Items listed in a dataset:

----------

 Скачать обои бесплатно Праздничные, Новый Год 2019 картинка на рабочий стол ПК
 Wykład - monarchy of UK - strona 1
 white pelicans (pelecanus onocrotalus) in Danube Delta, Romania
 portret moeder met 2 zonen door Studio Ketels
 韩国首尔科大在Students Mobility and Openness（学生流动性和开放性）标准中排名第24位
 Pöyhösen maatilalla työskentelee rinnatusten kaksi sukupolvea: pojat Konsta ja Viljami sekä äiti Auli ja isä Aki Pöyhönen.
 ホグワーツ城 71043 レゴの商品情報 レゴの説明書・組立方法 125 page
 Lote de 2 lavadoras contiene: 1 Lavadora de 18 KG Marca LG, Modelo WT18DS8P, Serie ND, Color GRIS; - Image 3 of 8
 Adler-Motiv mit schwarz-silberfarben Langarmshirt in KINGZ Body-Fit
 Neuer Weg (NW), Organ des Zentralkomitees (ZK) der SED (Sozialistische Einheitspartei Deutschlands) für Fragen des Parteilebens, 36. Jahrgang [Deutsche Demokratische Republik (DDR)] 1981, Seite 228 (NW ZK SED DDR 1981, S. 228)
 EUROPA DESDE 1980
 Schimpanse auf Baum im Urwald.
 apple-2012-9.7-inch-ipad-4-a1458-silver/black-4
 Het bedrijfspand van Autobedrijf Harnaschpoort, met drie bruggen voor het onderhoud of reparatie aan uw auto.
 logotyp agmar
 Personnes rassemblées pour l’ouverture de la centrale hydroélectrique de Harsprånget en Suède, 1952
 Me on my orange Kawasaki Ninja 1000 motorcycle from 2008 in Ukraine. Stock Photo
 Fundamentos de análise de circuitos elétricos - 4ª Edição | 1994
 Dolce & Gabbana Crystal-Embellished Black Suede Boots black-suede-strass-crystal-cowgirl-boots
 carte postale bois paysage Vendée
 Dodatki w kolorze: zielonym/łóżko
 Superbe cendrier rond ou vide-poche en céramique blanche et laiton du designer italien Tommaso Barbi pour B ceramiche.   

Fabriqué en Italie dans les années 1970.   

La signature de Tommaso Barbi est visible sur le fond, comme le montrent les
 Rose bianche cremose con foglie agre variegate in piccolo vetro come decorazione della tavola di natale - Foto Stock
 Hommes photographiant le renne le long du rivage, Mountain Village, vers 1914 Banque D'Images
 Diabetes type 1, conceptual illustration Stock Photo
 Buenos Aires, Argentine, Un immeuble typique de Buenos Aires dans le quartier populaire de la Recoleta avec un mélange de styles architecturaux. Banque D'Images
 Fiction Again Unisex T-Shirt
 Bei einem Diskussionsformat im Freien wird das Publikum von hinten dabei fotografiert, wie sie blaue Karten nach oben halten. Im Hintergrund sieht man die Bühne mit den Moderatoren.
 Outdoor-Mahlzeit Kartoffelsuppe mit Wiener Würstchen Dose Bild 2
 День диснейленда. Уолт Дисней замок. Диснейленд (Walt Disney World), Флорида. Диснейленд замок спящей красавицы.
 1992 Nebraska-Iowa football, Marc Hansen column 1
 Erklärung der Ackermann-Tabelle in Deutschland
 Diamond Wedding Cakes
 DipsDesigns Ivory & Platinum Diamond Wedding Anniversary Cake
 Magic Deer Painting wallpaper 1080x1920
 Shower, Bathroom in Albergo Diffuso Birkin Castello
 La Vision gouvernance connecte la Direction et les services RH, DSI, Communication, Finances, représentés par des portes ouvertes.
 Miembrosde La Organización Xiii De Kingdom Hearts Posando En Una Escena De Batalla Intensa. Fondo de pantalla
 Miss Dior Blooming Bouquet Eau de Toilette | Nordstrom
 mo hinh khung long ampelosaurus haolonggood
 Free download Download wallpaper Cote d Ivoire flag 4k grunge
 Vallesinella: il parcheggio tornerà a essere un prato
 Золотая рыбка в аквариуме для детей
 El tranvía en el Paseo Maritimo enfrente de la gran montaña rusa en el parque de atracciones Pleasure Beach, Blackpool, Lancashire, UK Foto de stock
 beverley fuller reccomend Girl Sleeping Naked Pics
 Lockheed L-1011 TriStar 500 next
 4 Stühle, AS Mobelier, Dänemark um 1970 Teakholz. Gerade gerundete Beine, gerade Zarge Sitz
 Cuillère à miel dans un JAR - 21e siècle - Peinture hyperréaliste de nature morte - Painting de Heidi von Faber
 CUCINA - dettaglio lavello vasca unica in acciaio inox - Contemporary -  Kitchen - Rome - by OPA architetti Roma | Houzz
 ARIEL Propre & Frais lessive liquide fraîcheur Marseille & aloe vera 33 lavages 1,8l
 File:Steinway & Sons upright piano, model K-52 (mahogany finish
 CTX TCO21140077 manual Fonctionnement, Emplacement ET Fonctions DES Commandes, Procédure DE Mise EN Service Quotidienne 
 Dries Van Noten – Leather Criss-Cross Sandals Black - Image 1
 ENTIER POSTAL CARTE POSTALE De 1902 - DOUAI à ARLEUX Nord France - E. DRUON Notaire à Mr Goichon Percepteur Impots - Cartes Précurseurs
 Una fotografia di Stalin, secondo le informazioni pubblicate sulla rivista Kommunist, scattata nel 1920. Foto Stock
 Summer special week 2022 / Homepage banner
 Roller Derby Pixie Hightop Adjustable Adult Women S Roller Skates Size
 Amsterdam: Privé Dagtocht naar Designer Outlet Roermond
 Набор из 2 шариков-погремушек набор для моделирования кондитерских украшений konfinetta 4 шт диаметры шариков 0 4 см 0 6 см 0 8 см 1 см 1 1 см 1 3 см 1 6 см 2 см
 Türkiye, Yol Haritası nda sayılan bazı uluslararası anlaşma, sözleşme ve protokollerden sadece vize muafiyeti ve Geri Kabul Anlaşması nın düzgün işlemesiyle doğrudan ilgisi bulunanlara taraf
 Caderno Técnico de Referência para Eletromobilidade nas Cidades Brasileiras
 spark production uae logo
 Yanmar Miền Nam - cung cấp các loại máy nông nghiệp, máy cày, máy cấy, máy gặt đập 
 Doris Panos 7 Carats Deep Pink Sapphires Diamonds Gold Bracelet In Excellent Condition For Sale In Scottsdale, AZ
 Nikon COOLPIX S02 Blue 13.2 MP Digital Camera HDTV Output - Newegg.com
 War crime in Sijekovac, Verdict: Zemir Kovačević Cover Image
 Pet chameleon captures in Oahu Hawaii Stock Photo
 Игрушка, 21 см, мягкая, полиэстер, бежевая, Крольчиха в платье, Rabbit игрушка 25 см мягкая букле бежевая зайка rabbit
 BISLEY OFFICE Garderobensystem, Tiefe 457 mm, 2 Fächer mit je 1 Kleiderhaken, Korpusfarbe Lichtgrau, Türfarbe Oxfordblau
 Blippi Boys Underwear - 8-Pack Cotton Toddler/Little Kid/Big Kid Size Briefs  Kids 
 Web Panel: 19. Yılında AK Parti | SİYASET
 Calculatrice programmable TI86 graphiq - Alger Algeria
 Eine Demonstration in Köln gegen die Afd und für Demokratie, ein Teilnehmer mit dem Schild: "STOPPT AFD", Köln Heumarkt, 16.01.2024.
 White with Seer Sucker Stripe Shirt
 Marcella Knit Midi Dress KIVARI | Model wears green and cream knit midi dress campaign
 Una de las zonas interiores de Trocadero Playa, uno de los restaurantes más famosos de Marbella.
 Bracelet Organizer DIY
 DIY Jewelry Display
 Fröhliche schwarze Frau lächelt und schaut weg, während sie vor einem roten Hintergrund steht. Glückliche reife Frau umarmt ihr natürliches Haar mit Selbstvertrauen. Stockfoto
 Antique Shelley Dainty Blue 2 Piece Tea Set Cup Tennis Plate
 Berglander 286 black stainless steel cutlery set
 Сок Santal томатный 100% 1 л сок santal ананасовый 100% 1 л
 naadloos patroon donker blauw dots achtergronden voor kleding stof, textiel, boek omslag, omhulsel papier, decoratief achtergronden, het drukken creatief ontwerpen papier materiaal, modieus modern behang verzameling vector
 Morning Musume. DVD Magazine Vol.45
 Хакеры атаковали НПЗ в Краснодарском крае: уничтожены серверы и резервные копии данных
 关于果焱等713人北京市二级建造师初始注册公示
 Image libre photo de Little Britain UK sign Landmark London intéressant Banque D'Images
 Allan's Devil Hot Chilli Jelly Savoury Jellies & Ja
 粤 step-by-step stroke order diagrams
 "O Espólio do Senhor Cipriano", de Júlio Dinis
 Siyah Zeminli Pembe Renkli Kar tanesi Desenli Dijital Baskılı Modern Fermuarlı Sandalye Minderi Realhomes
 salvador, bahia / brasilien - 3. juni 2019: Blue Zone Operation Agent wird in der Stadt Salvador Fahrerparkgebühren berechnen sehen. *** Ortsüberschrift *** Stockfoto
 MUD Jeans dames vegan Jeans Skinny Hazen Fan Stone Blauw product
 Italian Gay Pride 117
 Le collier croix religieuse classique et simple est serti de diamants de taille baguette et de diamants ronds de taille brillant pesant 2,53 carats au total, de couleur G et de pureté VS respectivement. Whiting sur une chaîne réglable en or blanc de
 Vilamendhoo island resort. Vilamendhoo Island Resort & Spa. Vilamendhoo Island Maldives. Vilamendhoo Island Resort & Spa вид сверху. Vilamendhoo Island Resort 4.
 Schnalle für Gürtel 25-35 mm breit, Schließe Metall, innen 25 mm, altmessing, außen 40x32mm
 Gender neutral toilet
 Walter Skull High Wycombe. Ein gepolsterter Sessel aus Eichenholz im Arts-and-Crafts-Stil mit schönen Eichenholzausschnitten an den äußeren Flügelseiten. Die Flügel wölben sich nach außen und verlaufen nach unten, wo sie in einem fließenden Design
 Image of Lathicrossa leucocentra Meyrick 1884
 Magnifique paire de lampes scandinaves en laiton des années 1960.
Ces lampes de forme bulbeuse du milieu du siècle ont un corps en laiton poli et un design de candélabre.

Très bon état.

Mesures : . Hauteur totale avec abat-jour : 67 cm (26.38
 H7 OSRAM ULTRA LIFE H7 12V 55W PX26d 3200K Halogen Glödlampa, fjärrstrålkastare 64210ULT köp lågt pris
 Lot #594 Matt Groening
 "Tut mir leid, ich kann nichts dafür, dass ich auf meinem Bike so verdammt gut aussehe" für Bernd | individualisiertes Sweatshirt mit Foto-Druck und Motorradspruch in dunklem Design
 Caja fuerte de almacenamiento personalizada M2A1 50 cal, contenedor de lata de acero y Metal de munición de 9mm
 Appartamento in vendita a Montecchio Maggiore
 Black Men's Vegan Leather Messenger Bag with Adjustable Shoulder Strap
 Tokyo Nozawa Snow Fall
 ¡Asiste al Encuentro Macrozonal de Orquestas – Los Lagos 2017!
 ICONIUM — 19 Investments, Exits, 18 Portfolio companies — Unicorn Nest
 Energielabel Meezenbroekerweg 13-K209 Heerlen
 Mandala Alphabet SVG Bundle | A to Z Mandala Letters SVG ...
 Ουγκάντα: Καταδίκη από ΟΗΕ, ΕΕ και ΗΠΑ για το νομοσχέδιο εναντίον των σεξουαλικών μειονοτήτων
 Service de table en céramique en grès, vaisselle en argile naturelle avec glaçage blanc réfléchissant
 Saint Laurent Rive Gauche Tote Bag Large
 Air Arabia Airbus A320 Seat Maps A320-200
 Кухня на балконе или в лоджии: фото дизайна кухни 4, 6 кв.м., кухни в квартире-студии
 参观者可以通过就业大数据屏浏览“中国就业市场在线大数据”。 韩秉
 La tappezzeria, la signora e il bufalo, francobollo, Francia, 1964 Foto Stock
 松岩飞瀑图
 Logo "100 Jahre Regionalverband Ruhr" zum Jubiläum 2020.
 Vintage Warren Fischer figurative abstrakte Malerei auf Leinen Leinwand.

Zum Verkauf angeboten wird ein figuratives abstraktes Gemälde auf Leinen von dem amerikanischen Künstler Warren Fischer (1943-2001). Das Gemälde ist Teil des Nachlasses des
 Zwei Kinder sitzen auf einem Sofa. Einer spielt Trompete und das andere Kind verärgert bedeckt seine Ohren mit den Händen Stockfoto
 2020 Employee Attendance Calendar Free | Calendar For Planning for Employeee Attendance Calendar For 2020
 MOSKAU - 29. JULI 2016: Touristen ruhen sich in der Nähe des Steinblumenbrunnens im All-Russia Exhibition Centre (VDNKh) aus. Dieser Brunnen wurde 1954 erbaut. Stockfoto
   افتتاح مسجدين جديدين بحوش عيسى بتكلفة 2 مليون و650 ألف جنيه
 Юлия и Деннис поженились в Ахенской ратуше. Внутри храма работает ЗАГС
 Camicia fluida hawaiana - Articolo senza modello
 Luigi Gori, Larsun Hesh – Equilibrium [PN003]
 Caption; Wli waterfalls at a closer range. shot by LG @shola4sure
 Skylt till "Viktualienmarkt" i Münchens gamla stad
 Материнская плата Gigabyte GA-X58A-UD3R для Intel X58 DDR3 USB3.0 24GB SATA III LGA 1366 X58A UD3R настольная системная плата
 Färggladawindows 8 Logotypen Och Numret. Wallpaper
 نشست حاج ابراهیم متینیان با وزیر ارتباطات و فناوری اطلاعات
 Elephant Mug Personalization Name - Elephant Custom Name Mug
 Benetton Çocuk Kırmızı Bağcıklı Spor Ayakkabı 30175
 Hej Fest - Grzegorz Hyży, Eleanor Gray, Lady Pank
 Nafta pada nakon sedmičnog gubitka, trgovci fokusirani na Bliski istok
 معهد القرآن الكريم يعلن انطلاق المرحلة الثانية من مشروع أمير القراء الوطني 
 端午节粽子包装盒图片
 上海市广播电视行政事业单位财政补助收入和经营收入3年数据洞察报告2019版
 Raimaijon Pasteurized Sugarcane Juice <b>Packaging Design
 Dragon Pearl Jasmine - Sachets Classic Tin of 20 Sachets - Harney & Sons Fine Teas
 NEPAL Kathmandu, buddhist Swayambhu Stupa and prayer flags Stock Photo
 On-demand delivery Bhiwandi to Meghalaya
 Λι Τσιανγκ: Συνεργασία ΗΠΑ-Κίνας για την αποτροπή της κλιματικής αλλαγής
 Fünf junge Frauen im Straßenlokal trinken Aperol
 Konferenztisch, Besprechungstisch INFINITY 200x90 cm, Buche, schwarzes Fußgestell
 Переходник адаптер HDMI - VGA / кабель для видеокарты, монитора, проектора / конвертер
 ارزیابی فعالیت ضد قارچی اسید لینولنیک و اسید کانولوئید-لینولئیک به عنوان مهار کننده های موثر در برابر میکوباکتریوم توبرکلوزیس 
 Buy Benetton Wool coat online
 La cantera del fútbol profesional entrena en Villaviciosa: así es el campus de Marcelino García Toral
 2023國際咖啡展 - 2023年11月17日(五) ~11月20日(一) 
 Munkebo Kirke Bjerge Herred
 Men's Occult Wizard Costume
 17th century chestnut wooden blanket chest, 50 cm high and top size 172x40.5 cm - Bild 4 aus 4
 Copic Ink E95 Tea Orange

----------

Problem to work on: Above are the records; repeat exactly the lines from the one holding "CTX TCO21140077 manual" down to the one holding "Dries Van Noten", end lines included.

Finished task:
 CTX TCO21140077 manual Fonctionnement, Emplacement ET Fonctions DES Commandes, Procédure DE Mise EN Service Quotidienne 
 Dries Van Noten – Leather Criss-Cross Sandals Black - Image 1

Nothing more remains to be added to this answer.